Lyu Hongqiang, Liu Erhu, Wu Zhifang, Li Yao, Liu Yuan, Yin Xiaoran
School of Automation Science and Engineering, Faculty of Electronic and Information Engineering, Xi'an Jiaotong University, Shaanxi 710049, China.
Department of Oncology, The Second Affiliated Hospital of Xi'an Jiaotong University, Shaanxi 710004, China.
Bioinformatics. 2022 Nov 30;38(23):5151-5159. doi: 10.1093/bioinformatics/btac670.
The emerging single-cell Hi-C technology provides opportunities to study dynamics of chromosomal organization. How to construct a pseudotime path using single-cell Hi-C contact matrices to order cells along developmental trajectory is a challenging topic, since these matrices produced by the technology are inherently high dimensional and sparse, they suffer from noises and biases, and the topology of trajectory underlying them may be diverse.
We present scHiCPTR, an unsupervised graph-based pipeline to infer pseudotime from single-cell Hi-C contact matrices. It provides a workflow consisting of imputation and embedding, graph construction, dual graph refinement, pseudotime calculation and result visualization. Beyond the few existing methods, scHiCPTR ties to optimize graph structure by two parallel procedures of graph pruning, which help reduce the spurious cell links resulted from noises and determine a global developmental directionality. Besides, it has an ability to handle developmental trajectories with multiple topologies, including linear, bifurcated and circular ones, and is competitive with methods developed for single-cell RNA-seq data. The comparative results tell that our scHiCPTR can achieve higher performance in pseudotime inference, and the inferred developmental trajectory exhibit a reasonable biological significance.
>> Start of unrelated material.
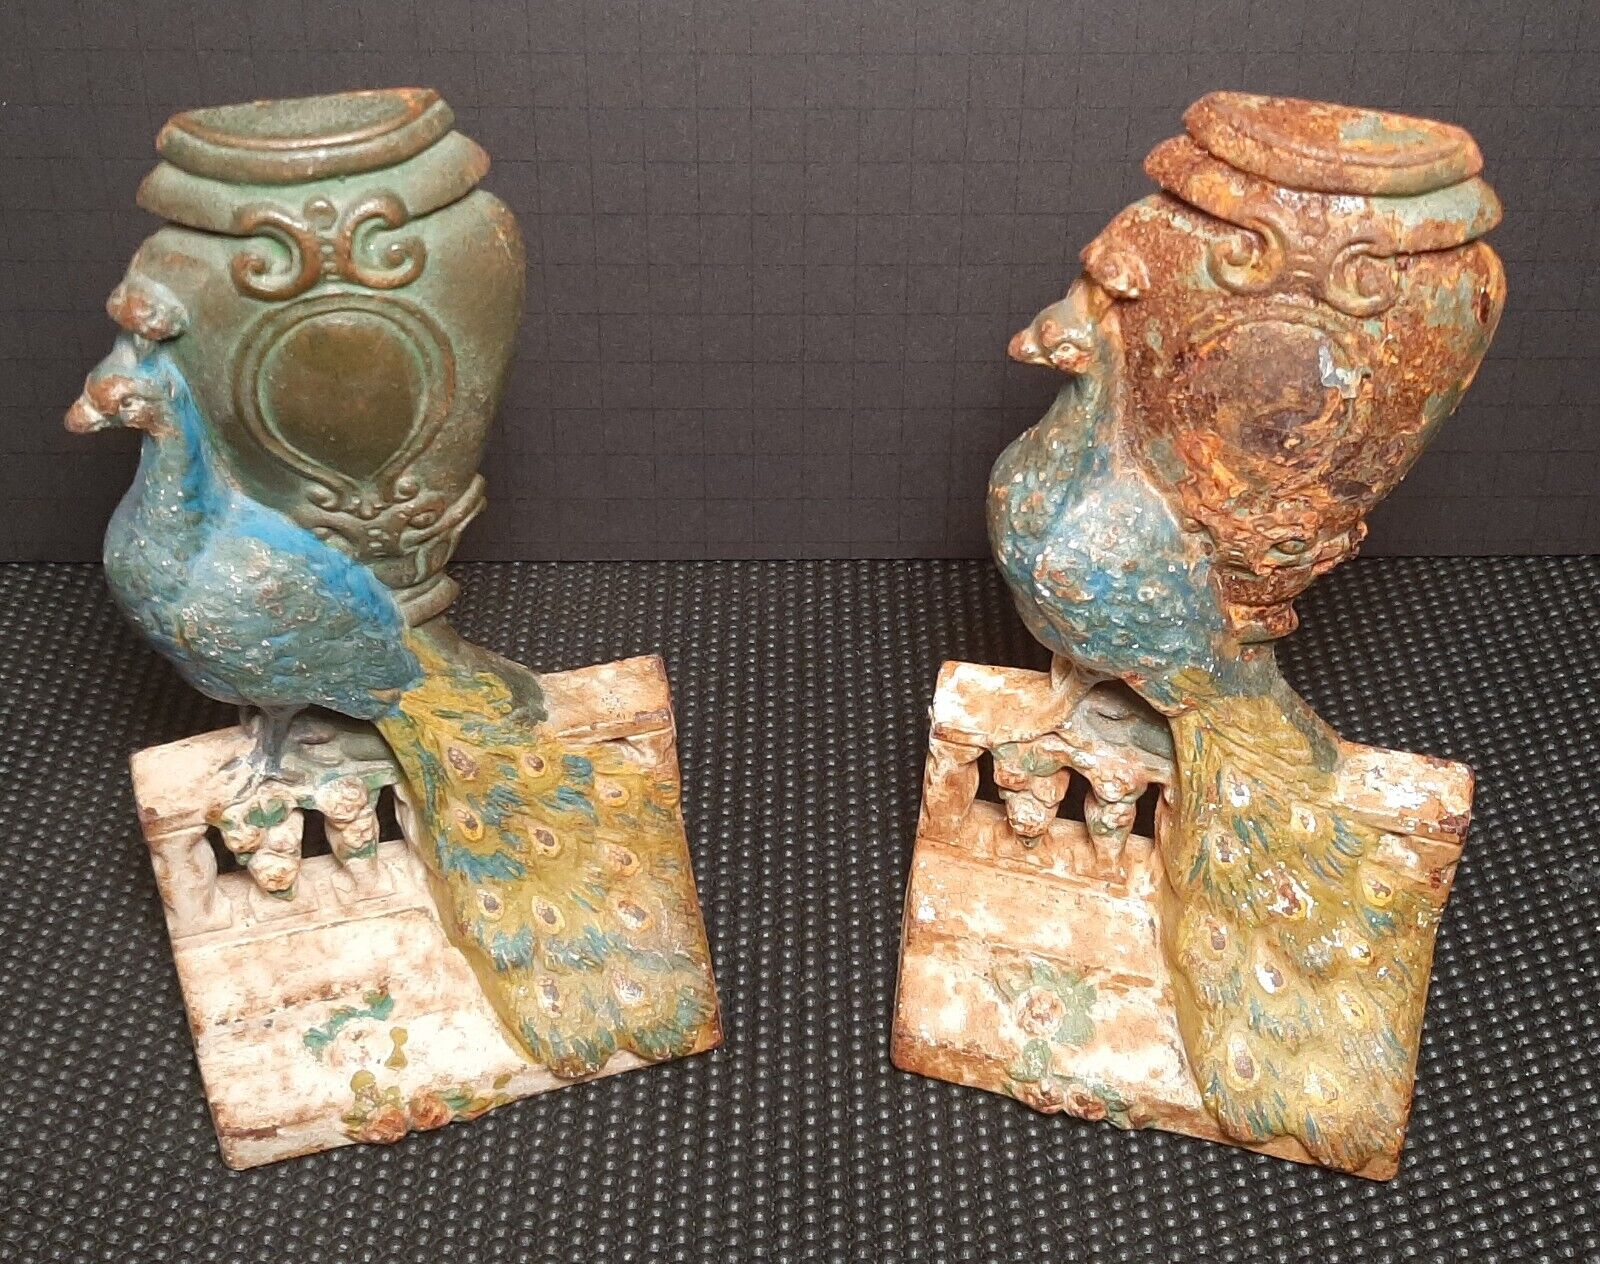 Rare Antique Cast Iron Doorstops Hubley Peacocks by URN #208 (1900-1940)

scHiCPTR is freely available at https://github.com/lhqxinghun/scHiCPTR.
Supplementary data are available at Bioinformatics online.
新兴的单细胞Hi-C技术为研究染色体组织动态提供了机会。如何利用单细胞Hi-C接触矩阵构建伪时间路径,以便沿着发育轨迹对细胞进行排序,是一个具有挑战性的课题,因为该技术产生的这些矩阵本质上是高维且稀疏的,它们存在噪声和偏差,并且其潜在的轨迹拓扑可能多种多样。
我们提出了scHiCPTR,一种基于无监督图的流程,用于从单细胞Hi-C接触矩阵推断伪时间。它提供了一个由插补和嵌入、图构建、对偶图细化、伪时间计算和结果可视化组成的工作流程。与现有的少数方法不同,scHiCPTR通过图剪枝的两个并行过程来优化图结构,这有助于减少由噪声导致的虚假细胞连接,并确定全局发育方向性。此外,它有能力处理具有多种拓扑结构的发育轨迹,包括线性、分叉和圆形轨迹,并且与为单细胞RNA测序数据开发的方法具有竞争力。比较结果表明,我们的scHiCPTR在伪时间推断方面可以实现更高的性能,并且推断出的发育轨迹具有合理的生物学意义。
scHiCPTR可在https://github.com/lhqxinghun/scHiCPTR上免费获取。
补充数据可在《生物信息学》在线获取。